N) - O documento referido em A) foi preenchido de acordo com o escrito referido em E) (matéria do art. 27.º da contestação);

O) - Ao longo dos anos, os Embargantes tiveram contactos com o BPN, a Intrum Justitia e a exequente, com intenção de regularizar as quantias à data em dívida, nomeadamente após a recepção da carta descrita em M), efectuando pagamentos parcelares da mesma, de três prestações das quatro em falta à época (matéria do art. 46.º da contestação) – facto colocado em crise no presente recurso de revisão.
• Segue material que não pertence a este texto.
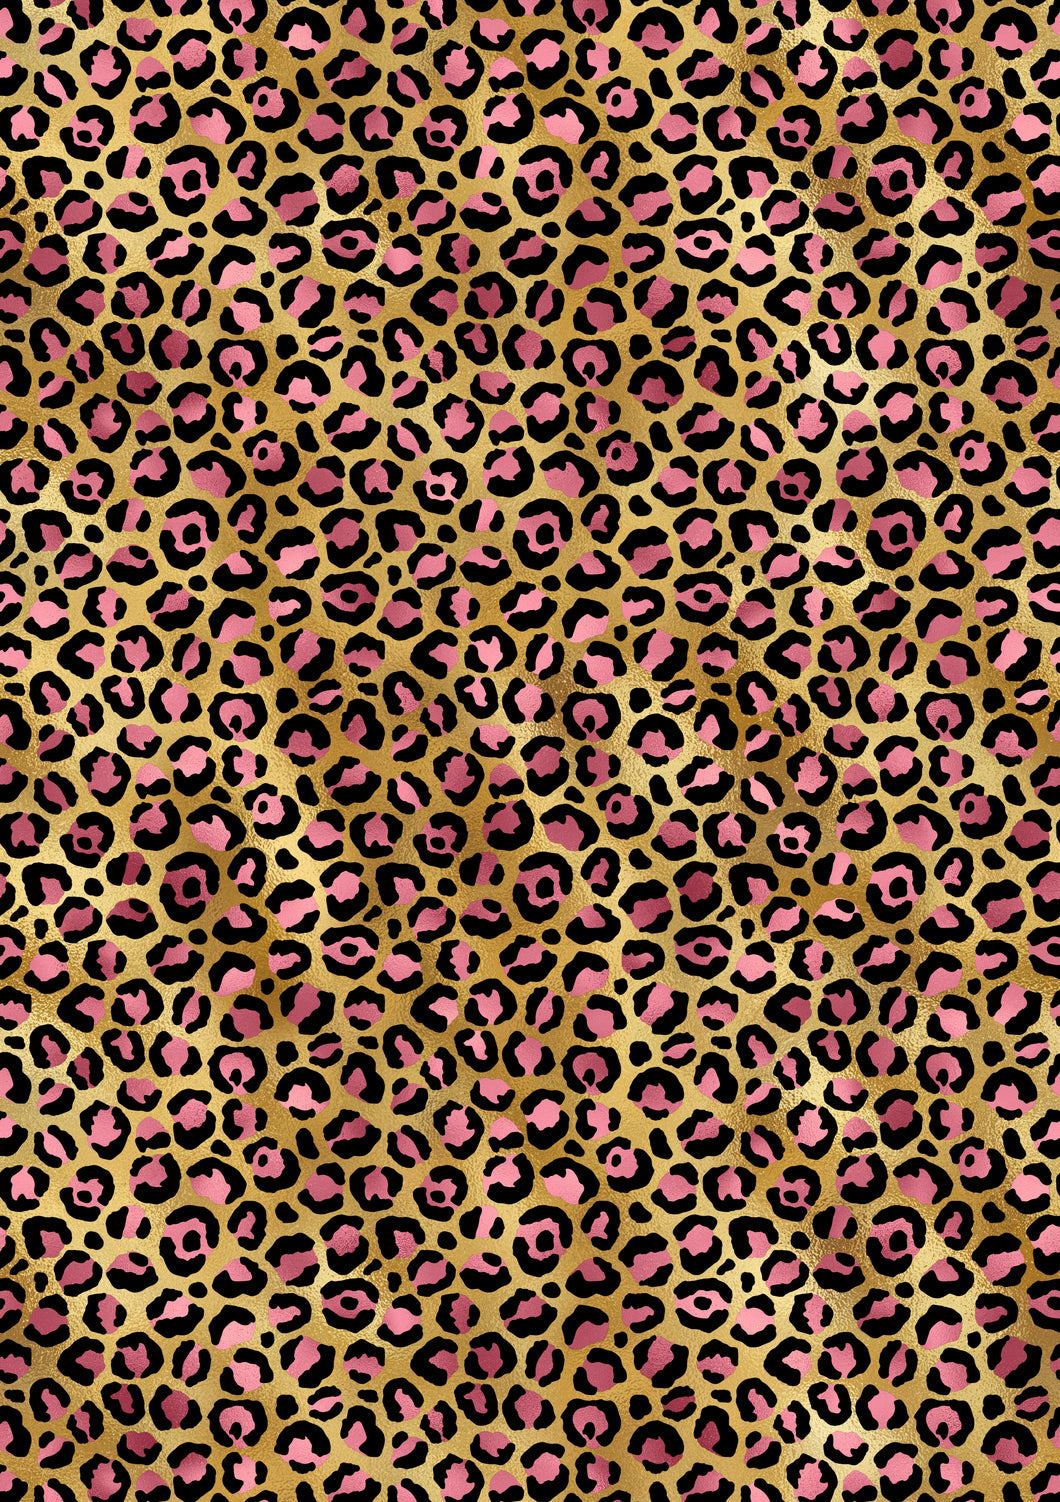 Pink & Teal Jaguar printed patterned HTV & Vinyl
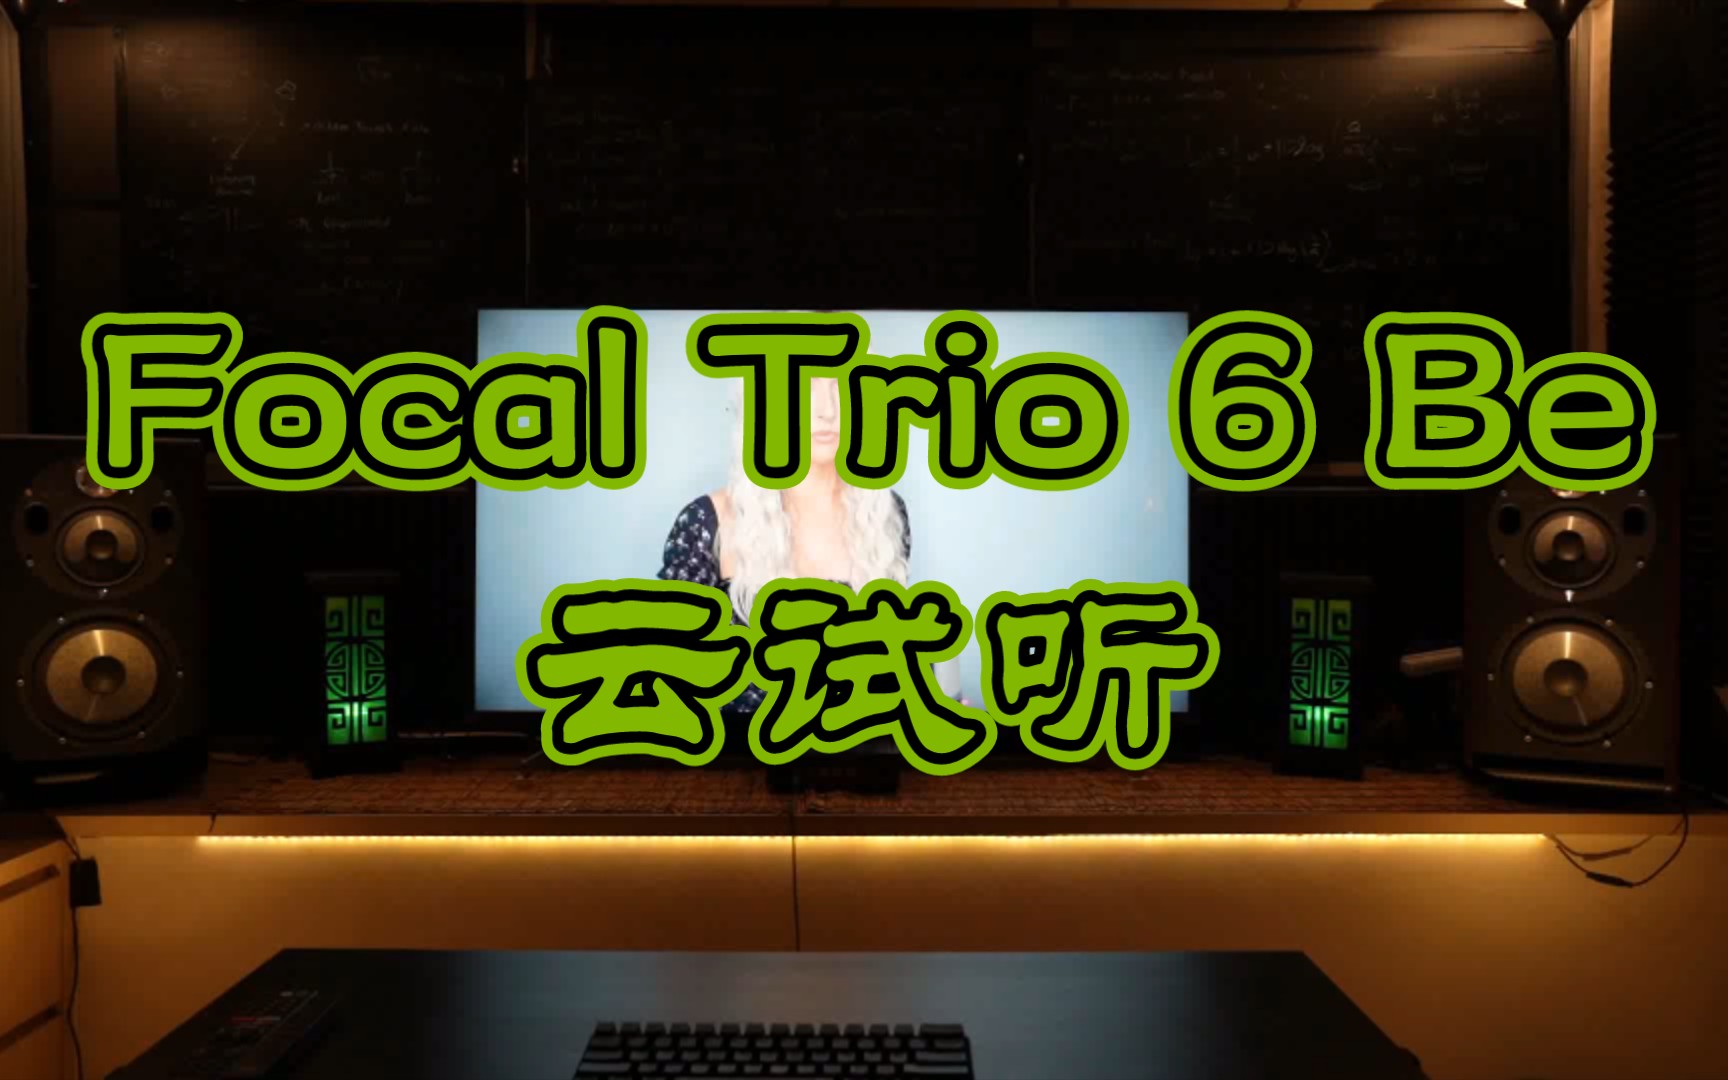 劲浪监听音箱 Focal Trio 6 Be云试听

Resultou não demonstrado que:

1) – Que a sociedade executada realizasse com o BPN um contrato para liquidar a conta caucionada no valor de cerca de € 75.000,00 onde os executados pessoas singulares fossem os correspondentes avalistas (matéria do art. 2.º da petição inicial de embargos);

2) – Que do contrato referido em 1) fossem pagas inúmeras prestações, nunca lhes tendo sido entregue qualquer recibo de quitação ou extracto com o valor em divida, permanecendo a executada, e demais executados, sem saber o saldo da sua divida, isto apesar de o sócio gerente da empresa sempre ter procurado obter essas informações, o que nunca conseguiu (matéria do art. 3.º da petição inicial de embargos);

3) – Que como em 2010 havia um plafond de letras de € 10.000,00 já prescritos e valores de prestações em atraso, foi proposta à executada empresa, através do BPN, a renegociação do contrato descrito em F) (matéria do art. 4.º da petição inicial de embargos);

4) - Que, para que a renegociação referida em 3) fosse possível, fosse exigido à executada empresa que pagasse as letras no valor de € 10.000,00 e respectivos juros, o que teve de ser aceite e pago (matéria dos arts. 5.º, 31.º da petição inicial de embargos);

5) - Que, apesar da negociação referida em 3) e do acordo existente nunca fosse realizado contrato para ser entregue à sociedade executada, pelo que nunca esta soube em concreto quais as condições a que estava sujeita (matéria do art. 6.º da petição inicial de embargos);

6) - Que o contrato referido em F) não fosse devidamente assinado pelos Embargantes nem fosse entregue a qualquer destes (matéria do art. 7.º da petição inicial de embargos);

7) - Que as letras referidas em 4) nunca lhe fossem entregues, o que impossibilitou que a sociedade executada demandasse os aceitantes e recuperar os valores que pagou (matéria do art. 8.º da petição inicial de embargos);

8) – Que desde a data da aceitação de renegociação do mútuo, sempre a sociedade executada, através do seu sócio gerente procurasse saber, junto da Intrum Iustitia, os valores em dívida, o que nunca conseguiu (matéria do art. 9.º da petição inicial de embargos);

9) – Que unicamente conseguisse uma informação, em 2014, através da colaboradora da empresa referida em 8), Sra. FF, com o mail ..., que lhe afirmou estar em dívida um valor de € 65.497,41, a que acresceriam € 11.384,22 de juros de mora (matéria do art. 10.º, 32.º da petição inicial de embargos);

10) – Que à quase totalidade dos executados, nunca lhes fosse comunicada a cessão de créditos, mas apenas à executada CC (matéria dos arts. 11.º, 13.º e 15.º da petição inicial de embargos);

11) – Que a resolução invocada em H), datada de 18/10/2010 nunca fosse comunicada aos executados, nem à sociedade executada empresa, nunca sendo a empresa devedora interpelada para fazer o pagamento, nem tão pouco os avalistas (matéria do art. 17.º da petição inicial de embargos);

12) – Que do título não conste qualquer cláusula “sem despesas” (matéria do art. 25.º da petição inicial de embargos);

13) – Que a exequente inobservasse o referido em E) (matéria dos arts. 29.º, 31.º, 36.º da petição inicial de embargos).”

B) De Direito

Tipo e objeto de recurso

1. Está em causa o recurso de revisão interposto pelos Executados Vasco Pratas – Comércio de Automóveis, Unipessoal, Lda., Vasco José Pratas, AA, BB e CC, ao abrigo do art. 696.º, als. b) e c), do CPC, da decisão proferida pelo Supremo Tribunal de Justiça que negou provimento ao recurso de revista por si interposto, confirmando a decisão do Tribunal da Relação.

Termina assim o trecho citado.